A seguir, numa nova crítica aos extremismos e radicalismos, o novo presidente do parlamento recorreu à História para dizer que a língua portuguesa evoluiu “em encontros, em descobertas, em miscigenações”, porque é uma língua “que indaga, imagina e em que, portanto, soam postiças as frases que atiram pedras em vez de argumentos e que cegam em vez de iluminarem”.

“O sinal de pontuação que a democracia mais precisa é o ponto de interrogação. O sinal que mais dispensa é o ponto de exclamação, o qual a democracia deve usar com grande parcimónia. Deixemos as certezas aos néscios e cultivemos sem temor a nossa capacidade de questionar e inquirir, porque a interrogação sacode os preconceitos, abre caminhos, convida a ouvir as várias respostas, trava o passo ao dogmatismo e à intolerância”, declarou.

Neste contexto, deixou um recado: “Todas as ideias podem ser trazidas, mesmo aquelas que contestam a democracia, porque essa é a mais óbvia vantagem da democracia sobre a ditadura”.

“As ideias próprias não precisam de ser gritadas, porque a qualidade dos argumentos não se mede em decibéis. O único discurso sem lugar, aqui [no parlamento], é o discurso do ódio, o discurso de negar a dignidade humana seja a quem for, o discurso que insulta o outro só porque o outro é diferente, o discurso que incitar à violência e à perseguição”, disse, antes de rematar e de receber nova prolongada salva de palmas:

“A liberdade e a igualdade custaram demasiado para que a agora pudéssemos aceitar regredir para novos tempos de barbárie”, acrescentou.

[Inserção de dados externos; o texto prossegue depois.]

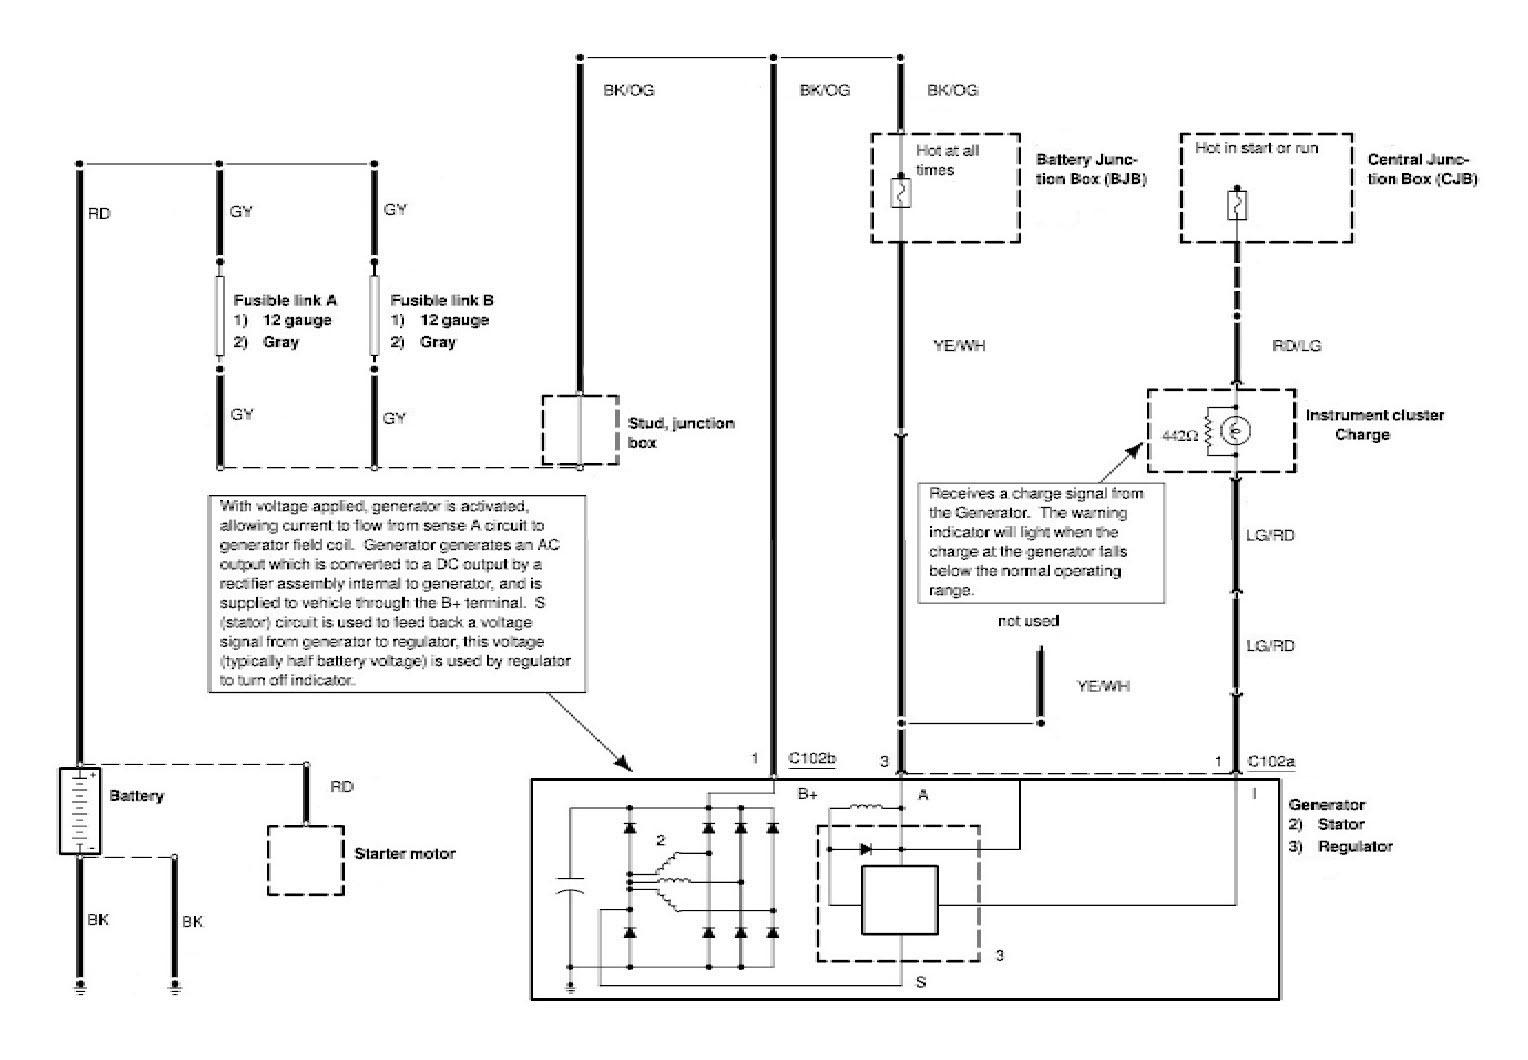 Phenomenal 1986 Ford Ltd Wiring Diagram Wiring Diagram Wiring Cloud Dulfrecoveryedborg

Augusto Santos Silva defendeu que a Assembleia da República é “por excelência o espaço da representação da nação em toda a sua diversidade e pluralidade de ideias e opiniões, para além das funções matriciais de produção legislativa, de fiscalização e escrutínio do Governo e da administração”.

“É o verdadeiro centro do debate político”, concluiu, antes de alertar para a necessidade de cumprimento de duas regras que considerou elementares: O respeito por todos os mandatos que resultam da livre expressão do voto dos portugueses, quaisquer que sejam as suas propostas programáticas; e o respeito pela vontade popular, tal como ela se materializa na soma agregadas dos votos individuais e se exprime na dimensão dos grupos parlamentares.

Neste contexto, advertiu também que os direitos de cada deputado “não podem servir de pretexto para imporem a distorção ou desrespeito pelas maiorias que o povo soberanamente constituiu”.

“Estes tempos difíceis, complexos, são tempos propícios a toda a espécie de manipulações, de preconceitos e de messianismos, tempos em que pode prosperar o populismo com as simplificações abusivas, as exclusões sumárias, a negação do pluralismo e da diversidade, a estigmatização dos vulneráveis, a culpabilização das vítimas e a substituição do debate pelo insulto”, apontou.

O ex-ministro dos Negócios Estrangeiros considerou que a sociedade portuguesa “não está imune a esse vírus e transmitiu então um recado à maioria dos deputados: “A melhor maneira de combater esse vírus é não lhe conceder mais relevância do que aquela que o povo português lhe quis atribuir”.

“É opor à violência excludente a firme serenidade de quem sabe ter o apoio das pessoas e o conforto da razão”, sustentou.